Guard Your Email – The Gateway to Your Digital Footprint
Ryan Kalember, SVP of cybersecurity strategy at Proofpoint
“It’s critical that consumers and business alike realize that email credentials can be the gateway to more sensitive information than nearly anything else. News of the additional Yahoo breach is yet another indication that email accounts are a prime target among criminals. Email is the top way cybercriminals are breaking into the world’s most sophisticated organizations and they target personal inboxes and account information with the same aggressiveness.
“Email is a necessity in our digital society and attackers are constantly working to exploit it. When a hacker gets into your email account, they can also steal sensitive information like your name, date of birth, past passwords, and even your security questions and answers. The breach provides a direct link between an attacker and a victim.
“If your personal email is compromised, and an attacker assumes your identity, that exposes all of your contacts to an immediate threat and allow the attacker to reset all of your other account passwords.
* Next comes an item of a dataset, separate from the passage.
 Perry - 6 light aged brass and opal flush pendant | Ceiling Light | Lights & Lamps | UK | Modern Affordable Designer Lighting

By taking advantage of email accounts, hackers are exploiting the digital trust that exists between the email sender and receiver. This trust is the basis for how our digital society operates. Whether it is personal or enterprise emails, the result is the same, trust is broken and information is at risk.
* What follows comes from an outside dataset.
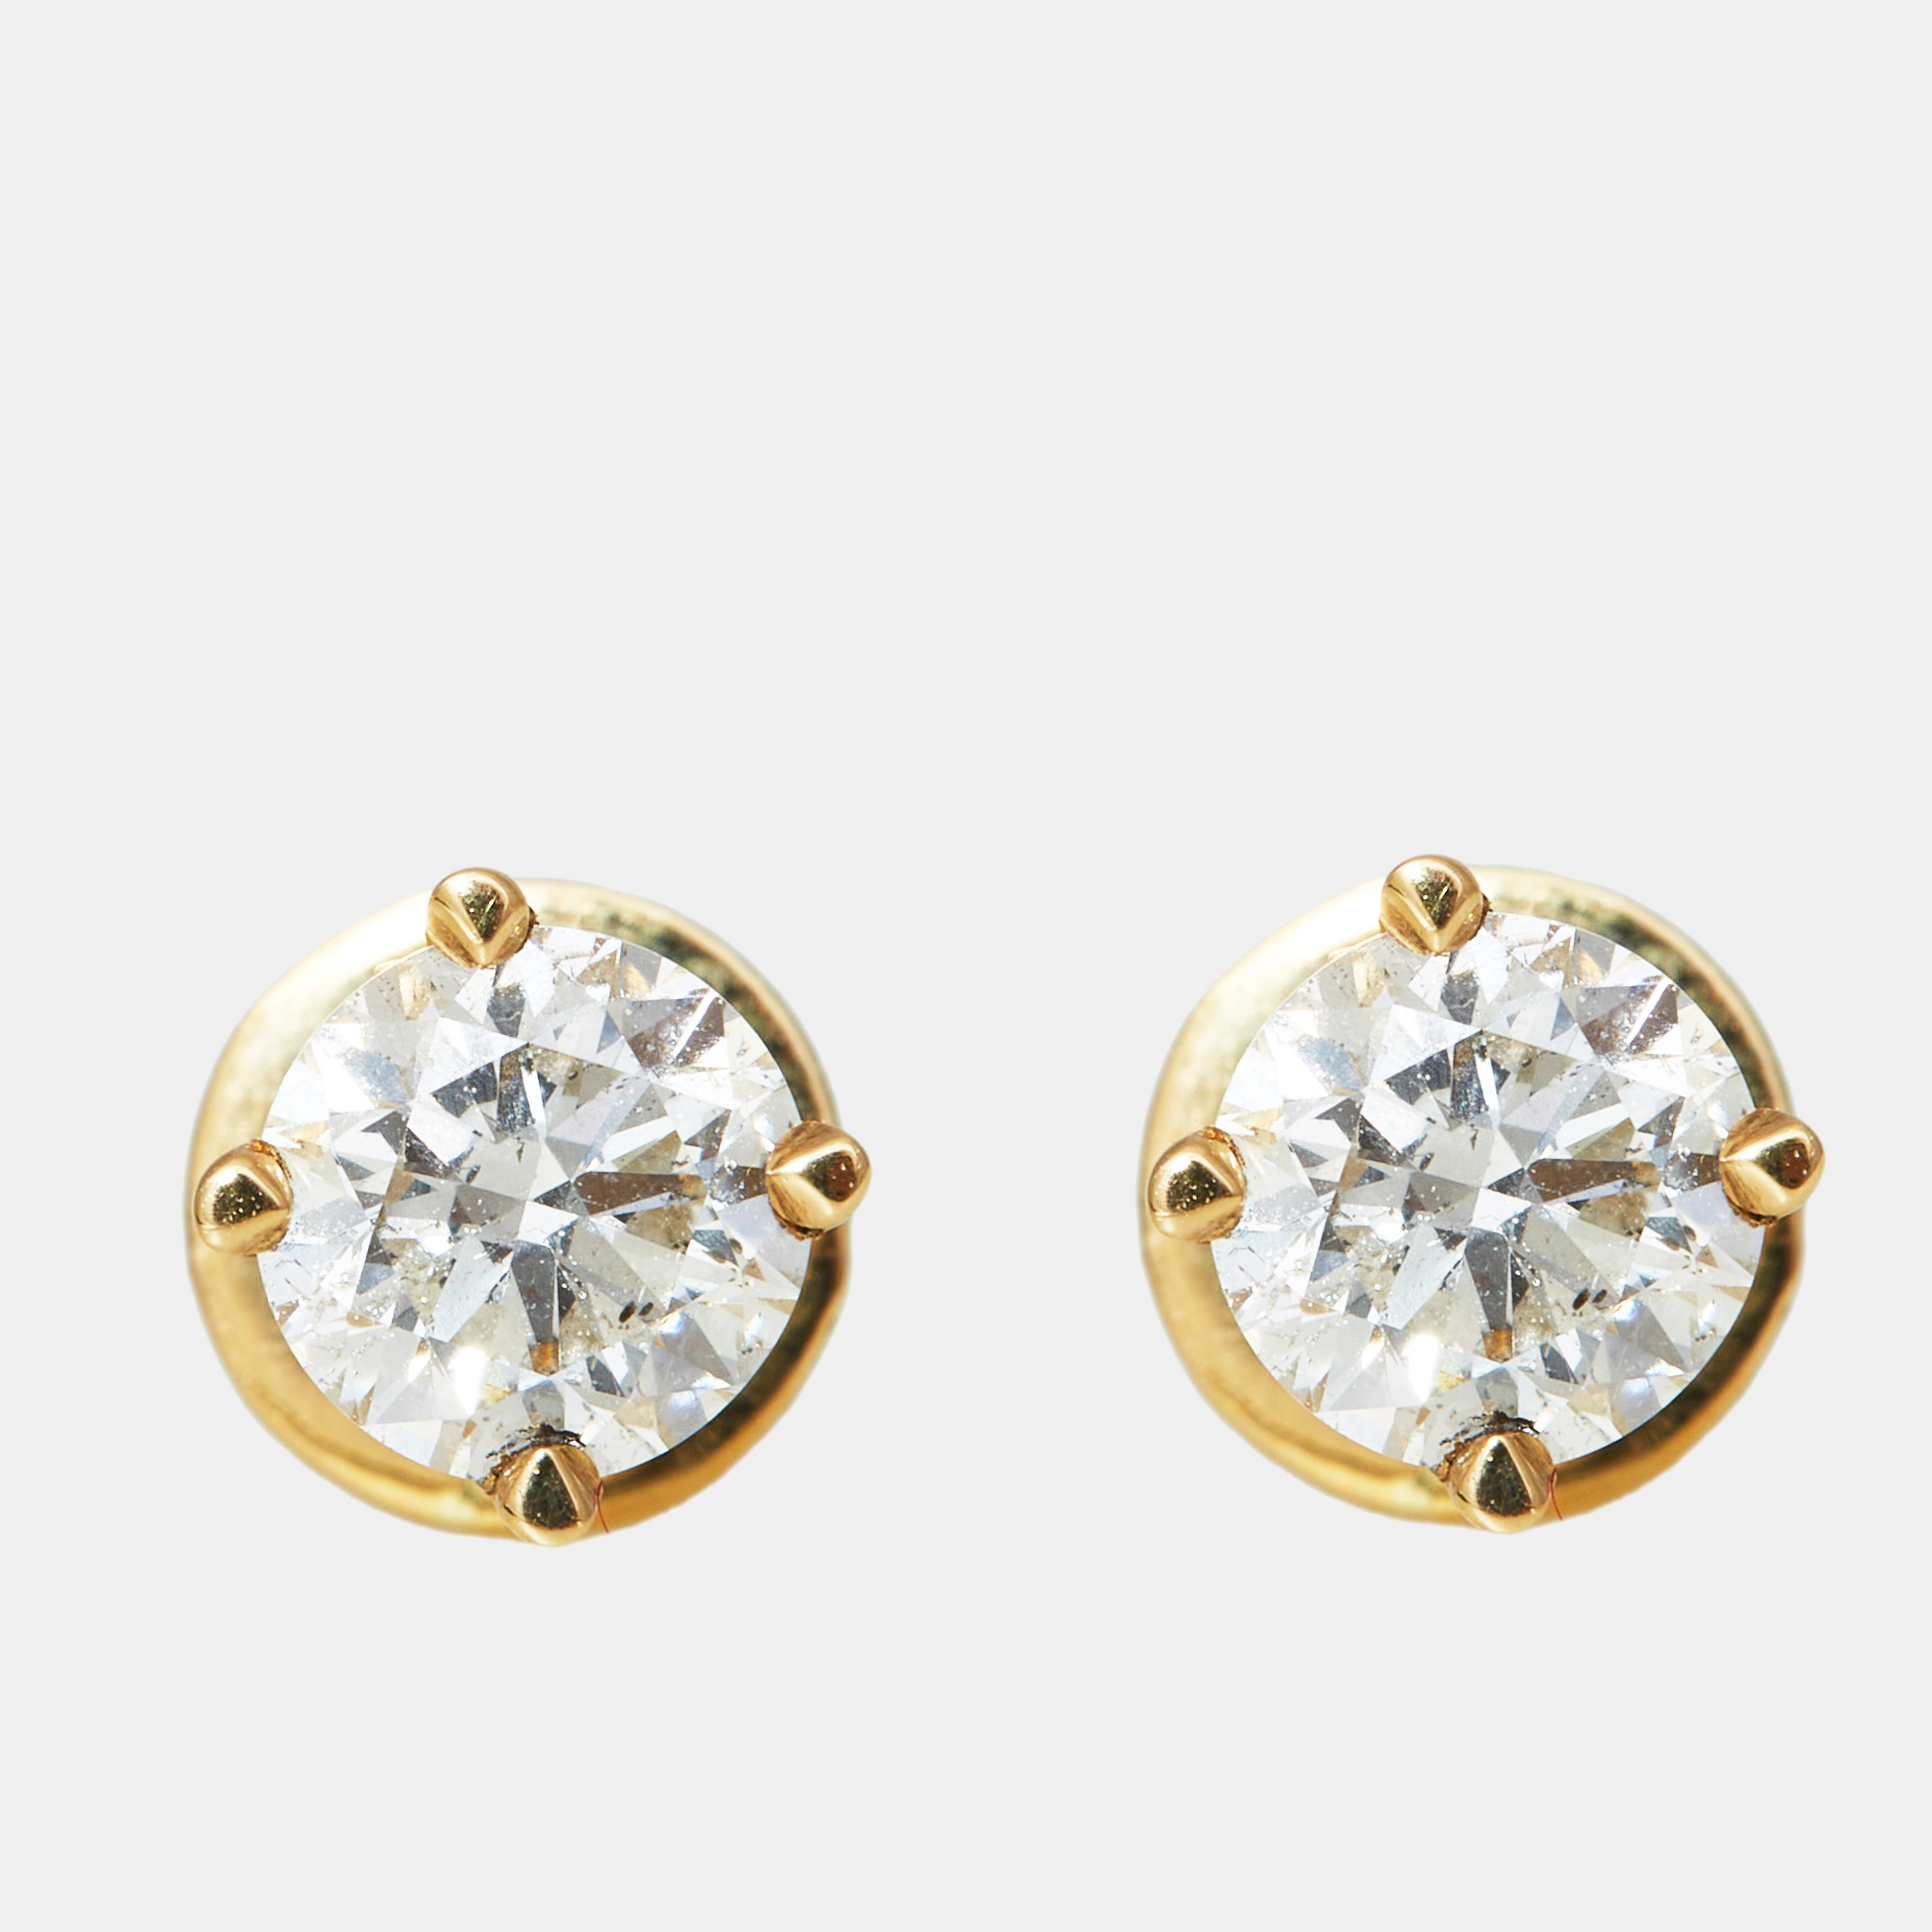 The diamond edit 18k yellow gold 0.83 ct diamond earrings

Guard Your Password – Your Online Identity is Always At Risk
Paul Calatayud, CTO FireMon:
“For all of us, this breach is a reminder that your online identities are always at risk. There is a lot of talk about making sure you have strong passwords but when those passwords are exposed in a breach, there is a different issue that arises – what else can the hackers do with knowledge of your password?
“Other websites may share passwords because you have decided to remember one long strong password that is reused across other accounts.
“Worse yet, your username is often the email account which is easily guessed or known to the hacker.
“The best way to mitigate the impact of the Yahoo breach would be to ensure you use unique passwords across your web accounts. That way any breach does not expose additional data or information contained in other systems.